◆ Task requirements ◆
From the first line to the last, copy the listing exactly and omit the images.

◆ Collected material ◆

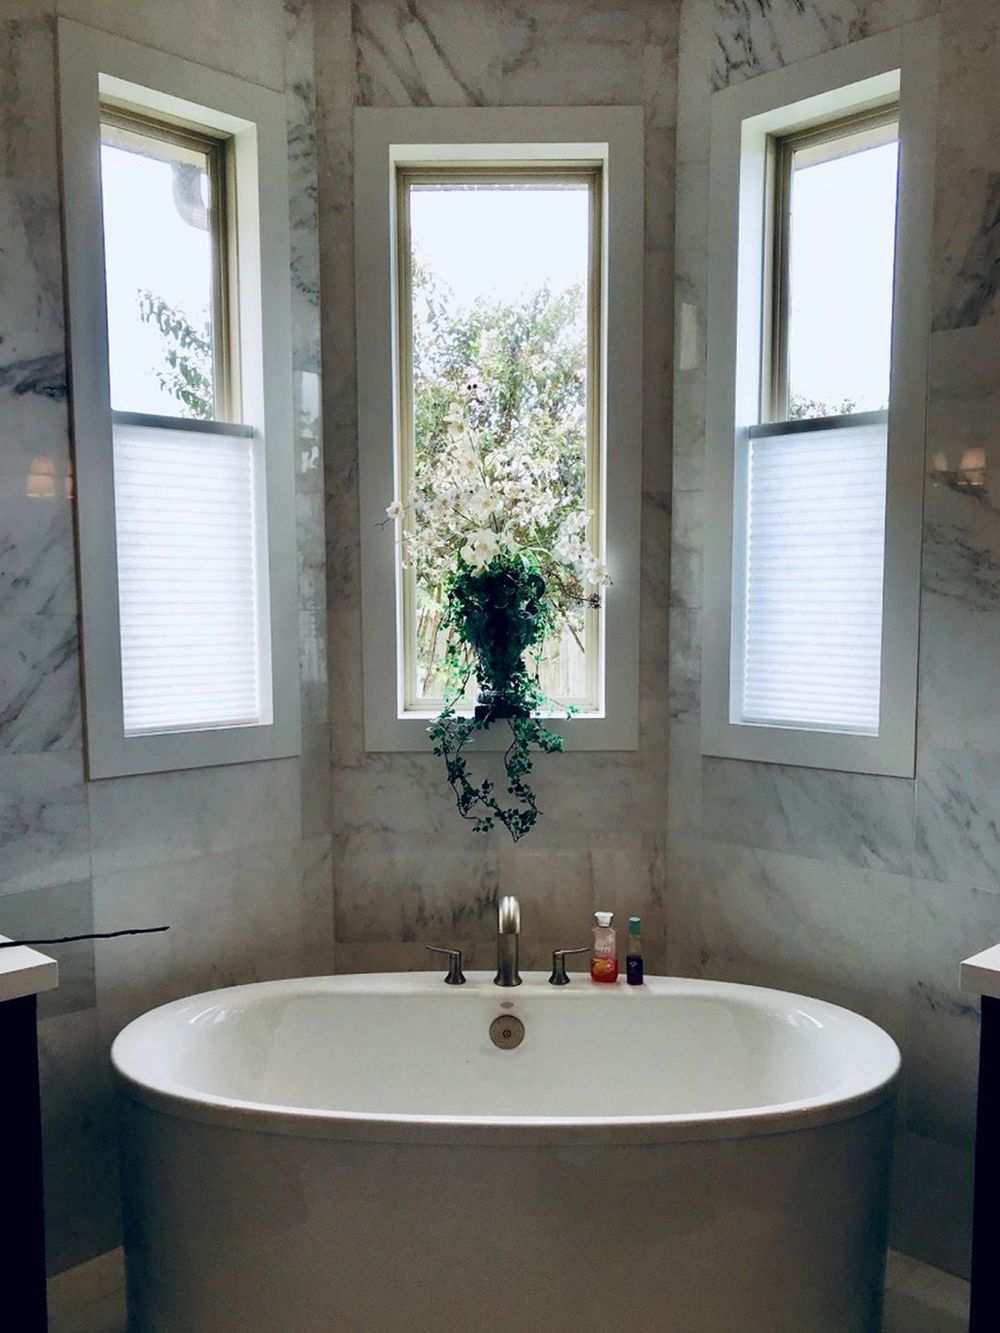 重点关注这个主浴室的独立深泡浴缸，周围环绕着华丽的大理石瓷砖墙。
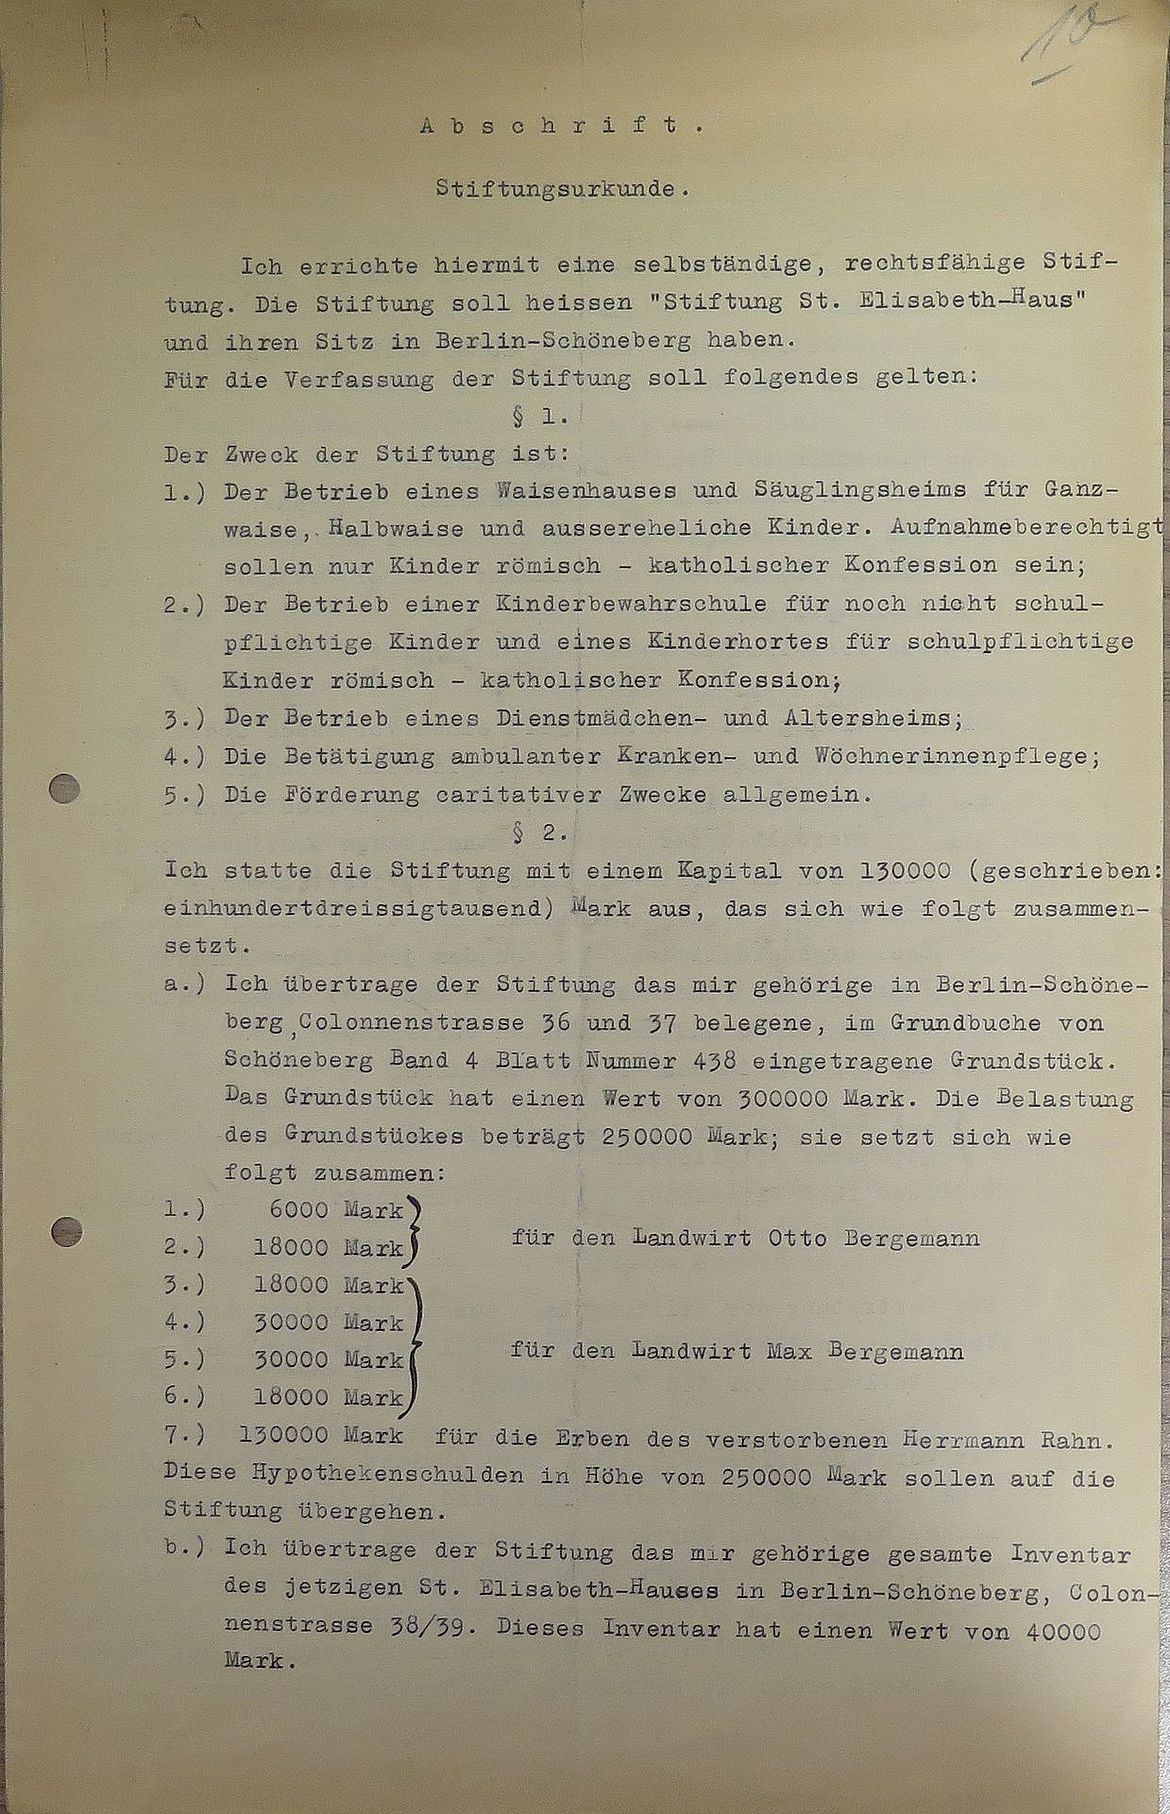 Abschrift S. 1 der Stiftungsurkunde von 1916
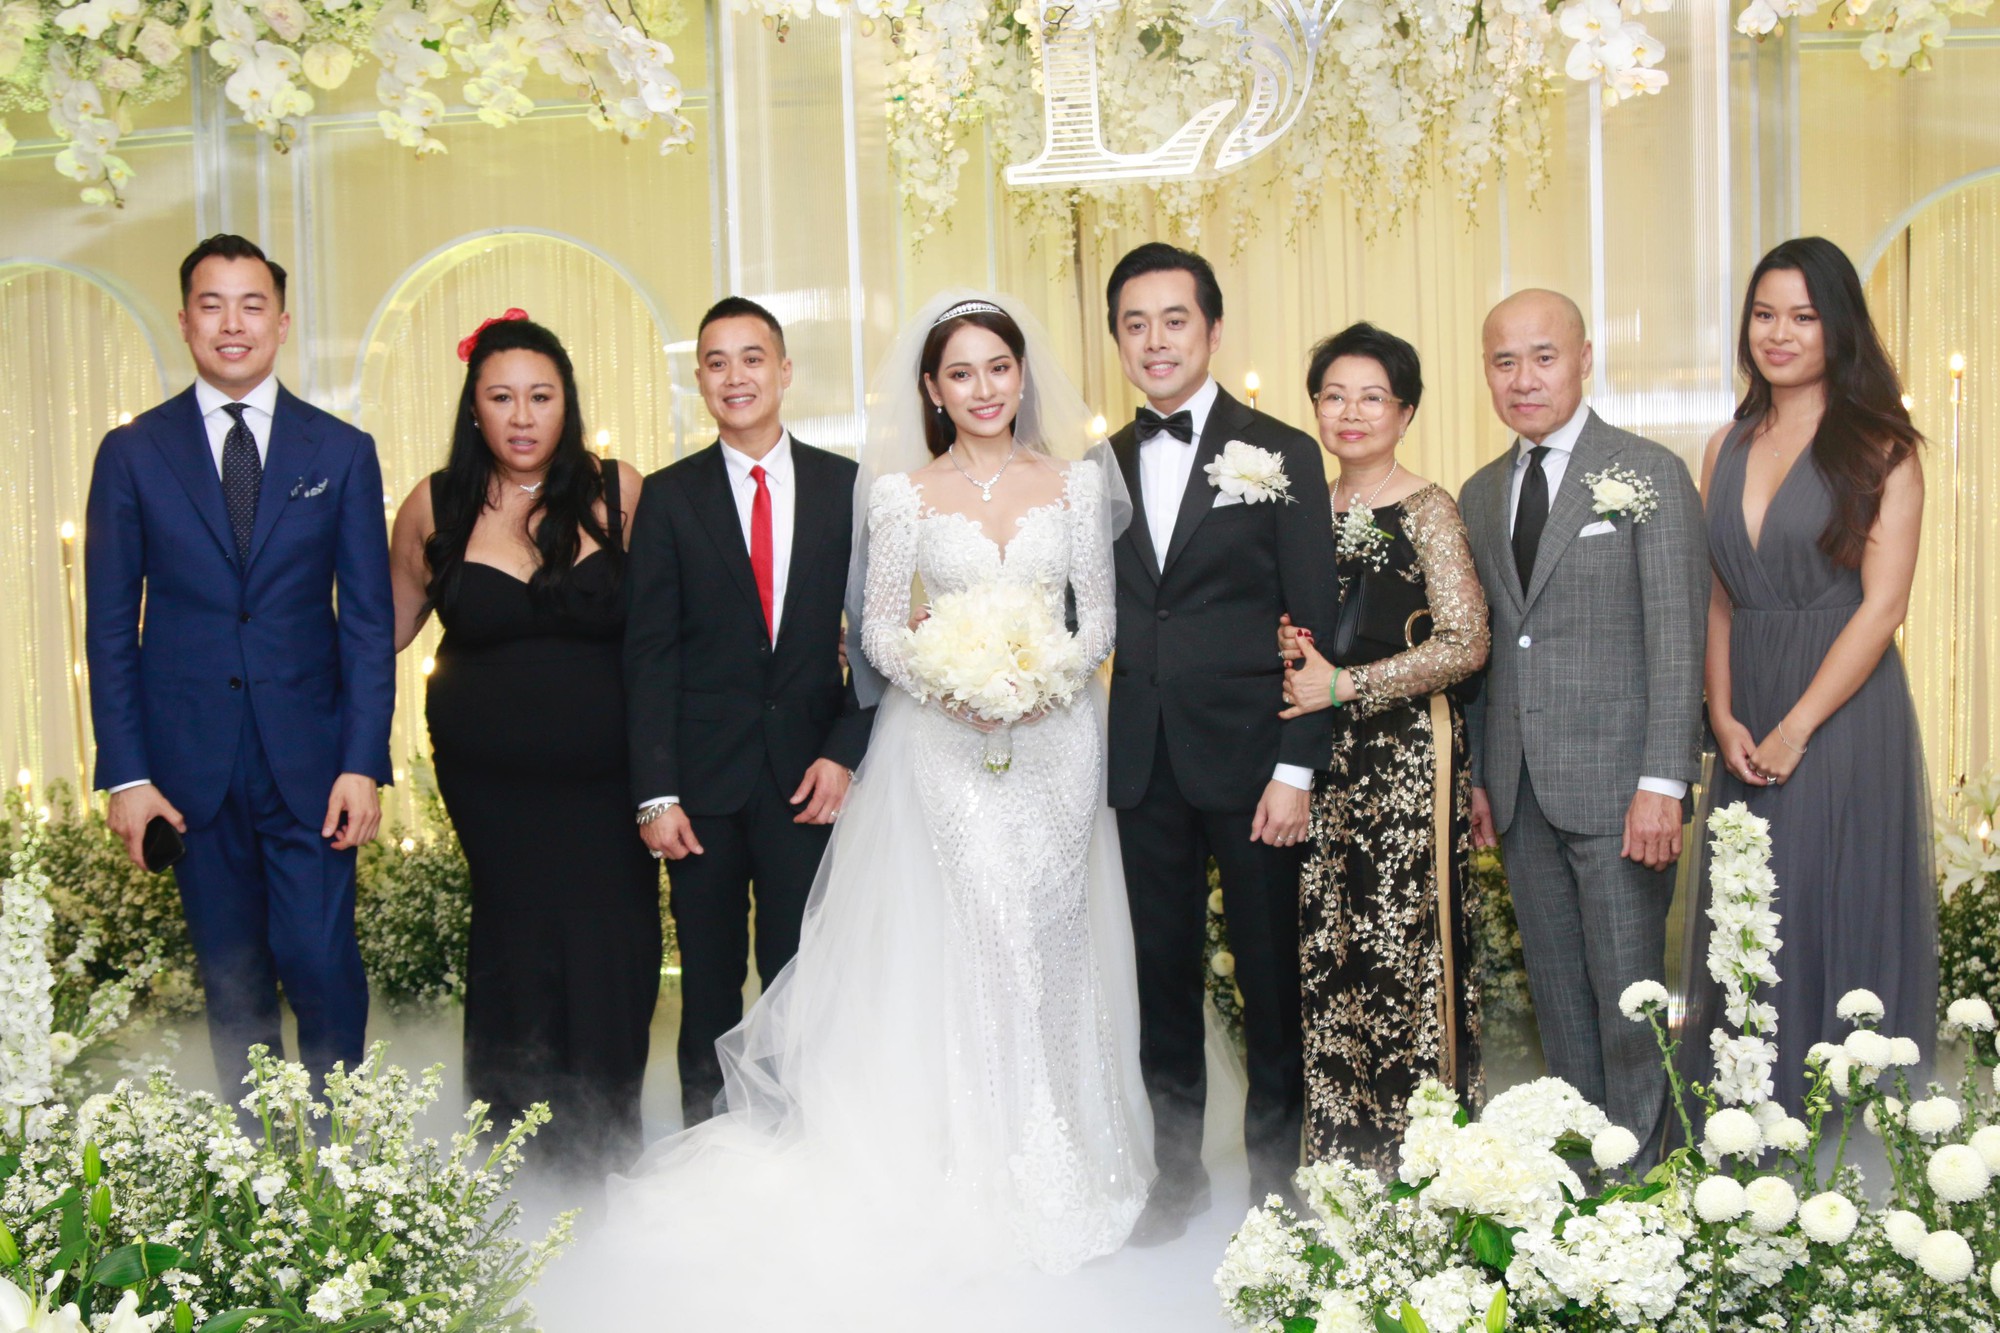 Tiệc cưới chính thức bắt đầu, cô dâu Sara Lưu âu yếm lau nhẹ vết son của mình trên môi chú rể Dương Khắc Linh-25
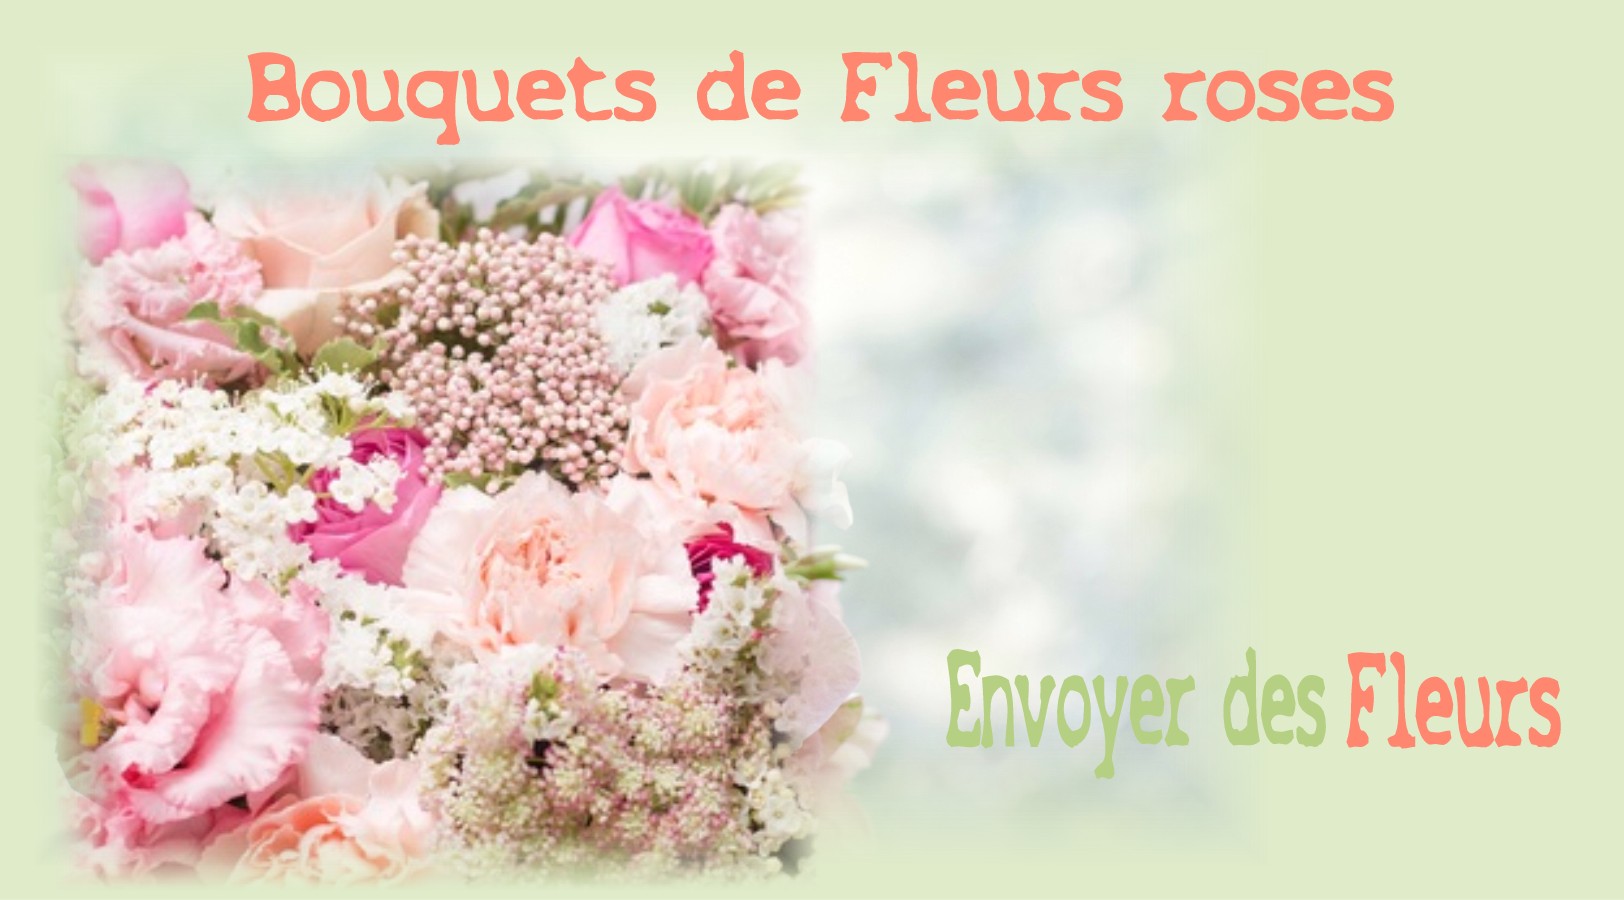 BOUQUETS DE FLEURS ROSES - FLEURISTE MONTPELLIER (34) - ENVOYER DES FLEURS

◆ Worked solution ◆
 重点关注这个主浴室的独立深泡浴缸，周围环绕着华丽的大理石瓷砖墙。
 Abschrift S. 1 der Stiftungsurkunde von 1916
 Tiệc cưới chính thức bắt đầu, cô dâu Sara Lưu âu yếm lau nhẹ vết son của mình trên môi chú rể Dương Khắc Linh-25
 BOUQUETS DE FLEURS ROSES - FLEURISTE MONTPELLIER (34) - ENVOYER DES FLEURS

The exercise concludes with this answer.